Мой внутренний политический мир похож на часовой механизм, где колеса движутся одно другому навстречу и как бы вопреки другу другу; я и южанин, и северянин, и немец, и европеец, и космополит. Но на моём циферблате стоит полдень, когда стрелки сходятся.
Юнгер вел свои записи чуть ли не до последнего дня. Сгруппированные в книги, они носят разные названия: «Авантюрное сердце», «Листы и камни», «Сады и улицы», «Первый парижский дневник», «Заметки с Кавказа», «Второй парижский дневник»… К ним примыкают многочисленные путевые записки.
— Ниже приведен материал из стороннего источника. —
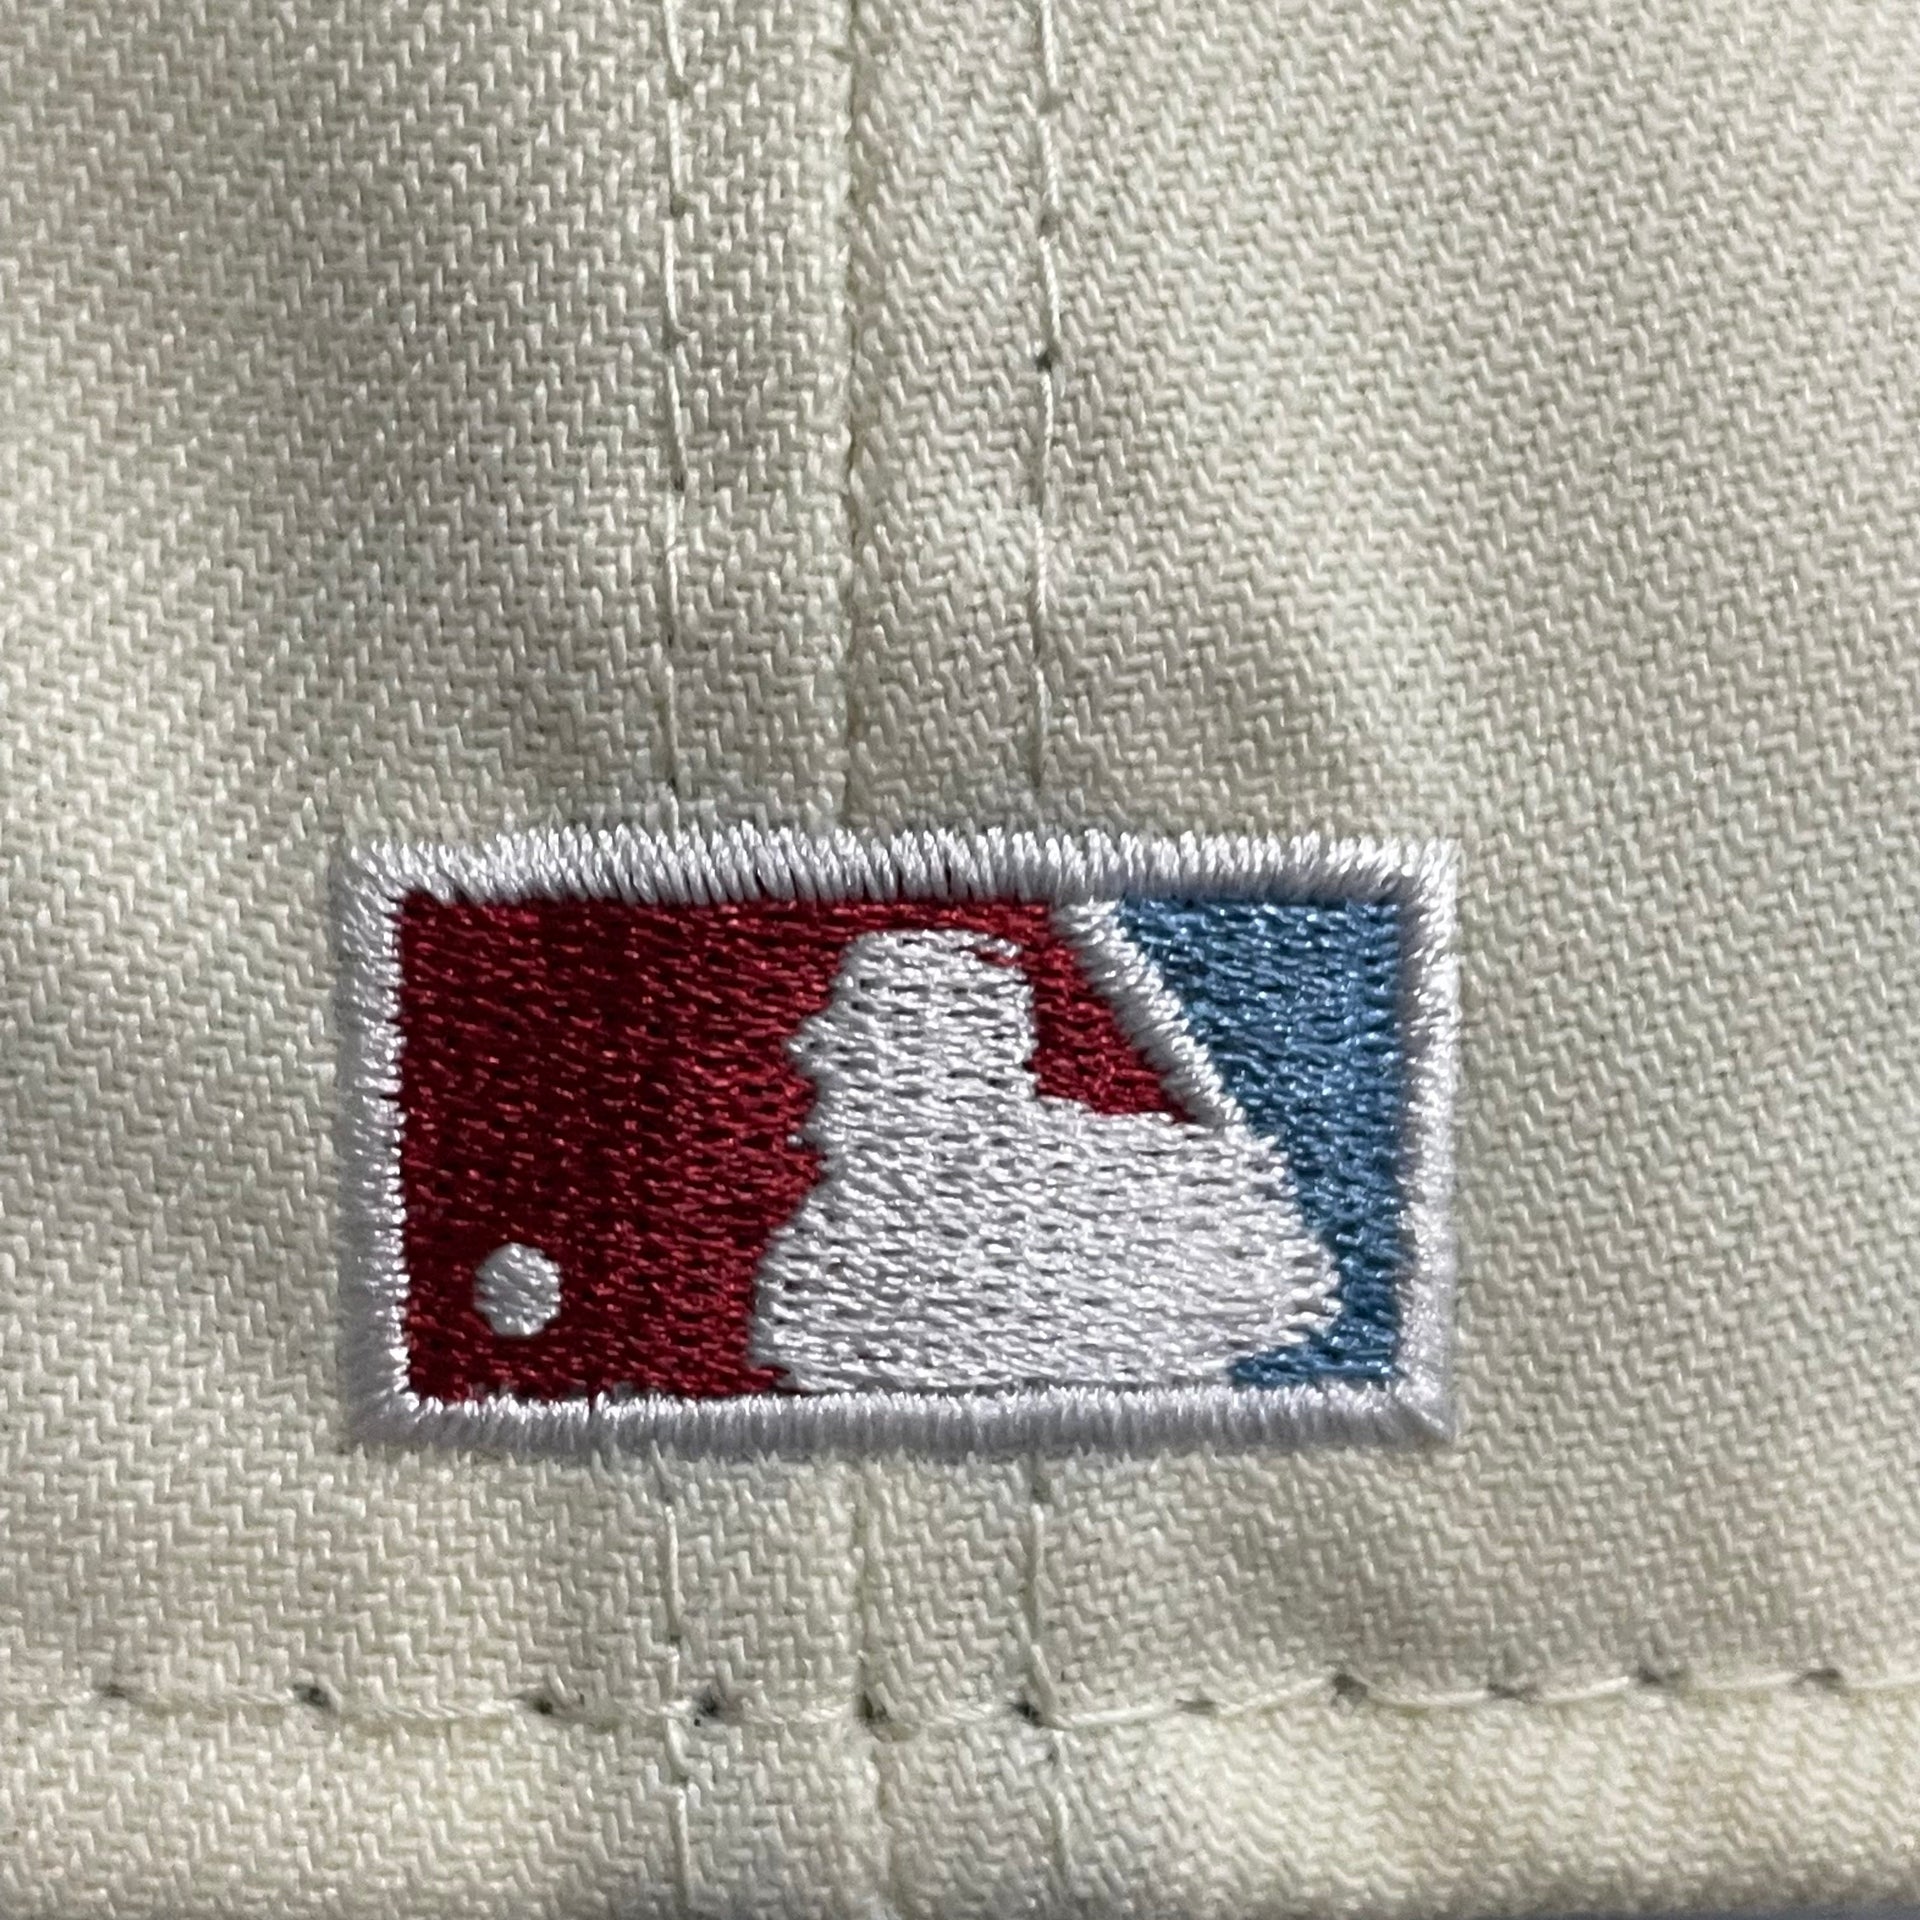 Close up of the cooperstown flat batterman logo of the Philadelphia Phillies Cooperstown Retro Logo 1980 World Series Champion Side Patch Grey UV 59Fifty Fitted Cap | Chrome/Maroon Cap Swag Exclusive
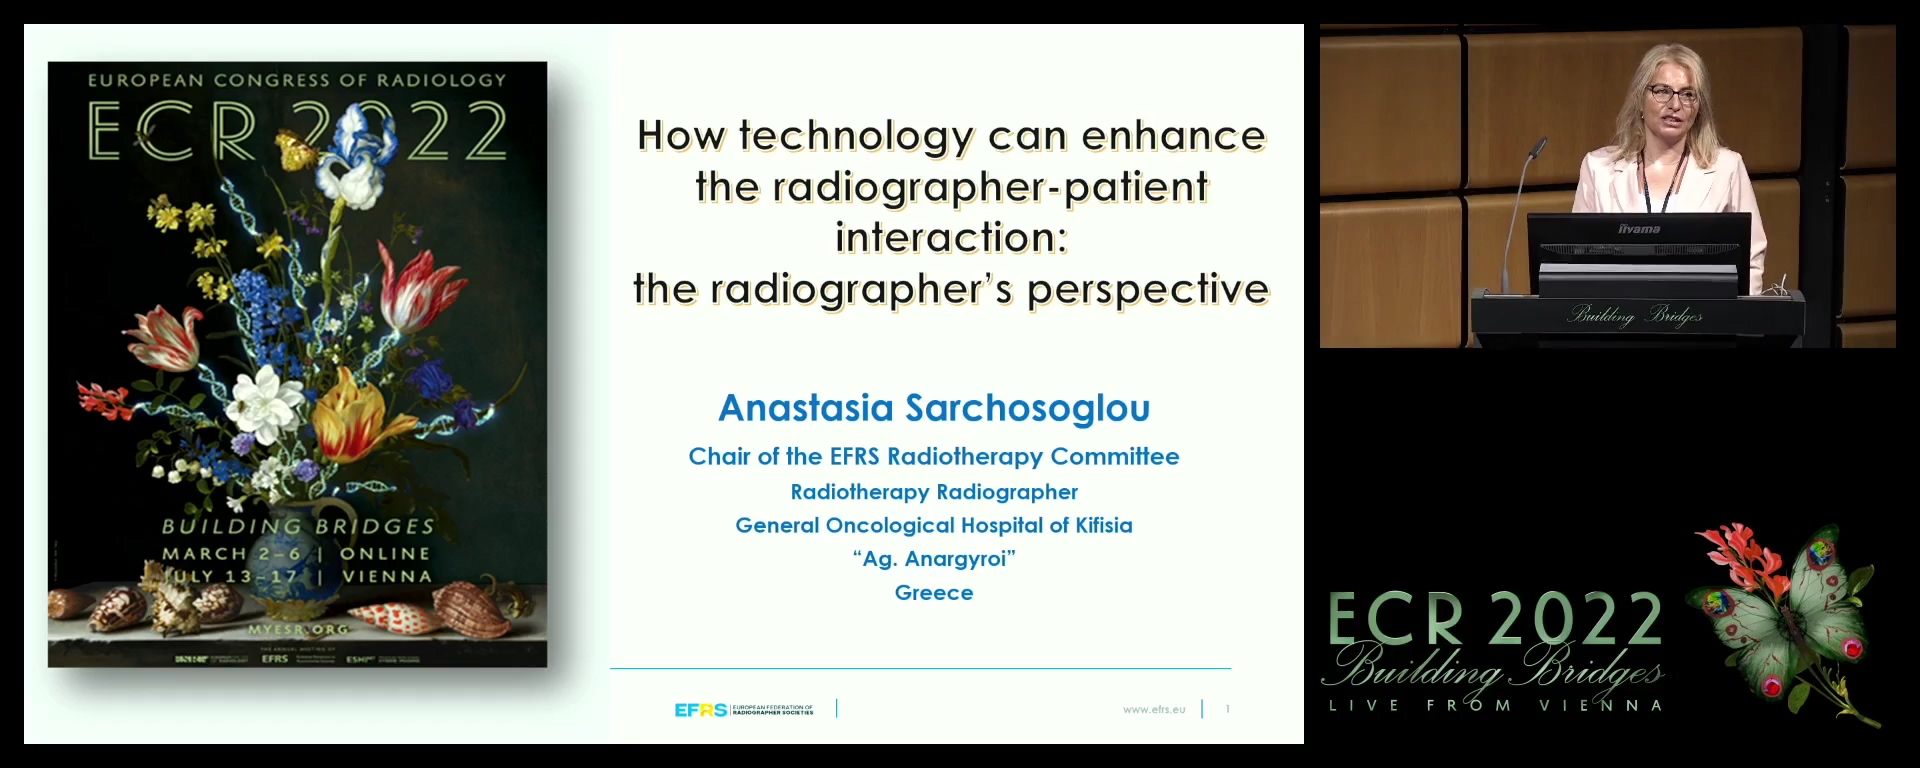 How technology can enhance the radiographer-patient interaction: the radiographer's perspective - Anastasia Sarchosoglou, Athens / GR

Завершение этого монумента европейской диаристики – пятитомный цикл «Семьдесят – мимо», где можно найти такое высказывание:
К числу моих добрых дел, возможно, принадлежит то, что я кого-то вдохновил вести дневник. Дневник всегда представляет двойную ценность – историческую и личную. Вдобавок он удовлетворяет внутреннюю потребность обозначить путь. Здесь присутствует и нечто сакральное: человек – наедине с собой. Хорошо, когда писать дневник начинают рано, еще лучше – когда доводят его до конца, до самой смерти.
В Дневнике Юнгера намеренно стерта грань между хроникой жизни и литературой (точнее, эссеистикой). Записи накапливаются, обрабатываются, отшлифовываются и выпускаются в виде отдельных законченных произведений. В результате Дневник, оставаясь документом биографии писателя, теряет всякие следы интимности, непосредственности, теплоты. Невозможно не заметить холодную отстраненность заметок Юнгера. Взамен утраченной спонтанности Дневник обретает иное качество: он становится произведением искусства, образцом литературного стиля.
Еще одна запись, относящаяся к тридцатым годам, – описание сна. Страничка, которая прочитывается как недвусмысленное свидетельство отношения этого воина-эстета к нацизму, чей приход Юнгер накликал – отрицать это невозможно – в определенную пору своей жизни.
Я сидел в большом кафе, играл оркестр, вокруг скучали хорошо одетые посетители. Мне понадобилось вымыть руки, я вышел через дверь, занавешенную красным бархатом, в заднее помещение, но заблудился в коридорах и на лестницах, и в конце концов очутился в другом крыле здания, в элегантно убранных, но запущенных покоях… Очевидно, там шли работы, в углу медленно поворачивалось колесо с трансмиссией, раздувались и опадали кузнечные мехи. Выглянув в пыльное окно, я увидел заросший, одичавший сад. Там было что-то вроде кузницы: при каждом движении мехов сноп искр вылетал из горящих углей, на которых лежали раскаленные, диковинного вида инструменты; каждый поворот колеса приводил в движение какие-то странные механизмы. На моих глазах сюда приволокли из кафе двух человек, мужчину и женщину, и стали срывать с них одежду. Они отбивались, и я подумал: «Пожалуй, они еще могут откупиться, пока у них есть дорогие вещи…» Мне удалось незаметно ретироваться, я вернулся в кафе. Сел за свой столик, но оркестранты, кельнеры, красивое убранство предстали передо мной уже в другом свете. Я понял, что гости испытывали не скуку, а страх.
6
В дни, когда телевидение и печать комментировали известие о кончине 103-летнего Юнгера, одна швейцарская газета поместила отрывки из Записной книжки знаменитого романиста и драматурга Макса Фриша. Дневник Фриша был напечатан еще при его жизни; Записная книжка в значительной части остается неопубликованной.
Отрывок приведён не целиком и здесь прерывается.